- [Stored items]
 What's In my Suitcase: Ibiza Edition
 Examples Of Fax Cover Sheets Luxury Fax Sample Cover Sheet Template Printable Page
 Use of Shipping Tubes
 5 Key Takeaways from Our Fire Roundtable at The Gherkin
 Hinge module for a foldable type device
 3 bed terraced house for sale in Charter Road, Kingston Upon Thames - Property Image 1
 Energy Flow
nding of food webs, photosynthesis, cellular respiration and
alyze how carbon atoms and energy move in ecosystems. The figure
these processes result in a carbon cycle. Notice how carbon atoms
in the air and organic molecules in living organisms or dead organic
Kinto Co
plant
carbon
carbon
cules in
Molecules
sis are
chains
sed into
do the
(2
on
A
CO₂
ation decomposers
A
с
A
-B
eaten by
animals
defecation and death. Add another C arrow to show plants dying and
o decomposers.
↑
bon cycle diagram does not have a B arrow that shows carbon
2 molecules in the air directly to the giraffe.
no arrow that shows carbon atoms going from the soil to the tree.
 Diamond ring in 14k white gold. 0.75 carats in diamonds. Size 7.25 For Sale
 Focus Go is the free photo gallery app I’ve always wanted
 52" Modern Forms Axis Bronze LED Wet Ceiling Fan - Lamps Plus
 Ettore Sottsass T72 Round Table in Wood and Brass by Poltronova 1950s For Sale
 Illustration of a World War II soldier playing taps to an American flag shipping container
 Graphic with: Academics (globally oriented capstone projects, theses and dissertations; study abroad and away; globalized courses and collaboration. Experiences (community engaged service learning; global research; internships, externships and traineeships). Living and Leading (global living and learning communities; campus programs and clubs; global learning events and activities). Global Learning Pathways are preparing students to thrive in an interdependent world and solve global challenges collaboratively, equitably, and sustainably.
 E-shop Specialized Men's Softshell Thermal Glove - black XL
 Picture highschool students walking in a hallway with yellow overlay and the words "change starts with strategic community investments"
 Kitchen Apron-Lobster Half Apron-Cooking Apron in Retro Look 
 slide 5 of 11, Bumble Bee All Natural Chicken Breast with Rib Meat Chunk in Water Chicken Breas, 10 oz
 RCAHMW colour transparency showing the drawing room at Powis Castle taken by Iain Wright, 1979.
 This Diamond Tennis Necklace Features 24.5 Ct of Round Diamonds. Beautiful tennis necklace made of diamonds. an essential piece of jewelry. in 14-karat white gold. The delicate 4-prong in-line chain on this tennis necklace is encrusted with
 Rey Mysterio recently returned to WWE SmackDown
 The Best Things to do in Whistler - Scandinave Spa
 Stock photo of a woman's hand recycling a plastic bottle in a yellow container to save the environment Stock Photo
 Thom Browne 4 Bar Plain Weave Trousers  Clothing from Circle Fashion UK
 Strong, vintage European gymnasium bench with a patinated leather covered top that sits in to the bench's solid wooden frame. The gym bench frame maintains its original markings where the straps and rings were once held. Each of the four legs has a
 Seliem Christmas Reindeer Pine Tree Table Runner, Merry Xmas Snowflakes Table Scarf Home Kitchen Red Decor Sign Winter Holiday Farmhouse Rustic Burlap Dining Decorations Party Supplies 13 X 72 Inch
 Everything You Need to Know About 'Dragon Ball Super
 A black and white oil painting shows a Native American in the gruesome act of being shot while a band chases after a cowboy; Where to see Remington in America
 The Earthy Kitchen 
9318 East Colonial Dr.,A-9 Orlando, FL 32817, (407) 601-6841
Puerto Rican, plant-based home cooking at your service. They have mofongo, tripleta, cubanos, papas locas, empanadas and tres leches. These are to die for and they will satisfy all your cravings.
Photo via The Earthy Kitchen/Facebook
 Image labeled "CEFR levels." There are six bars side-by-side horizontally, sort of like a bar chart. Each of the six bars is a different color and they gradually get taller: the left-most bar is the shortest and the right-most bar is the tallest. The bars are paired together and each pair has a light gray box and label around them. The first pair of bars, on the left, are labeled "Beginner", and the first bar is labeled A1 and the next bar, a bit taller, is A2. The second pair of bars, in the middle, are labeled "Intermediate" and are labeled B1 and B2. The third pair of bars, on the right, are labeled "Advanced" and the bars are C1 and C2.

- [Required work]
Make an exact copy of every record listed above.

- [Response to this exercise]
 What's In my Suitcase: Ibiza Edition
 Examples Of Fax Cover Sheets Luxury Fax Sample Cover Sheet Template Printable Page
 Use of Shipping Tubes
 5 Key Takeaways from Our Fire Roundtable at The Gherkin
 Hinge module for a foldable type device
 3 bed terraced house for sale in Charter Road, Kingston Upon Thames - Property Image 1
 Energy Flow
nding of food webs, photosynthesis, cellular respiration and
alyze how carbon atoms and energy move in ecosystems. The figure
these processes result in a carbon cycle. Notice how carbon atoms
in the air and organic molecules in living organisms or dead organic
Kinto Co
plant
carbon
carbon
cules in
Molecules
sis are
chains
sed into
do the
(2
on
A
CO₂
ation decomposers
A
с
A
-B
eaten by
animals
defecation and death. Add another C arrow to show plants dying and
o decomposers.
↑
bon cycle diagram does not have a B arrow that shows carbon
2 molecules in the air directly to the giraffe.
no arrow that shows carbon atoms going from the soil to the tree.
 Diamond ring in 14k white gold. 0.75 carats in diamonds. Size 7.25 For Sale
 Focus Go is the free photo gallery app I’ve always wanted
 52" Modern Forms Axis Bronze LED Wet Ceiling Fan - Lamps Plus
 Ettore Sottsass T72 Round Table in Wood and Brass by Poltronova 1950s For Sale
 Illustration of a World War II soldier playing taps to an American flag shipping container
 Graphic with: Academics (globally oriented capstone projects, theses and dissertations; study abroad and away; globalized courses and collaboration. Experiences (community engaged service learning; global research; internships, externships and traineeships). Living and Leading (global living and learning communities; campus programs and clubs; global learning events and activities). Global Learning Pathways are preparing students to thrive in an interdependent world and solve global challenges collaboratively, equitably, and sustainably.
 E-shop Specialized Men's Softshell Thermal Glove - black XL
 Picture highschool students walking in a hallway with yellow overlay and the words "change starts with strategic community investments"
 Kitchen Apron-Lobster Half Apron-Cooking Apron in Retro Look 
 slide 5 of 11, Bumble Bee All Natural Chicken Breast with Rib Meat Chunk in Water Chicken Breas, 10 oz
 RCAHMW colour transparency showing the drawing room at Powis Castle taken by Iain Wright, 1979.
 This Diamond Tennis Necklace Features 24.5 Ct of Round Diamonds. Beautiful tennis necklace made of diamonds. an essential piece of jewelry. in 14-karat white gold. The delicate 4-prong in-line chain on this tennis necklace is encrusted with
 Rey Mysterio recently returned to WWE SmackDown
 The Best Things to do in Whistler - Scandinave Spa
 Stock photo of a woman's hand recycling a plastic bottle in a yellow container to save the environment Stock Photo
 Thom Browne 4 Bar Plain Weave Trousers  Clothing from Circle Fashion UK
 Strong, vintage European gymnasium bench with a patinated leather covered top that sits in to the bench's solid wooden frame. The gym bench frame maintains its original markings where the straps and rings were once held. Each of the four legs has a
 Seliem Christmas Reindeer Pine Tree Table Runner, Merry Xmas Snowflakes Table Scarf Home Kitchen Red Decor Sign Winter Holiday Farmhouse Rustic Burlap Dining Decorations Party Supplies 13 X 72 Inch
 Everything You Need to Know About 'Dragon Ball Super
 A black and white oil painting shows a Native American in the gruesome act of being shot while a band chases after a cowboy; Where to see Remington in America
 The Earthy Kitchen 
9318 East Colonial Dr.,A-9 Orlando, FL 32817, (407) 601-6841
Puerto Rican, plant-based home cooking at your service. They have mofongo, tripleta, cubanos, papas locas, empanadas and tres leches. These are to die for and they will satisfy all your cravings.
Photo via The Earthy Kitchen/Facebook
 Image labeled "CEFR levels." There are six bars side-by-side horizontally, sort of like a bar chart. Each of the six bars is a different color and they gradually get taller: the left-most bar is the shortest and the right-most bar is the tallest. The bars are paired together and each pair has a light gray box and label around them. The first pair of bars, on the left, are labeled "Beginner", and the first bar is labeled A1 and the next bar, a bit taller, is A2. The second pair of bars, in the middle, are labeled "Intermediate" and are labeled B1 and B2. The third pair of bars, on the right, are labeled "Advanced" and the bars are C1 and C2.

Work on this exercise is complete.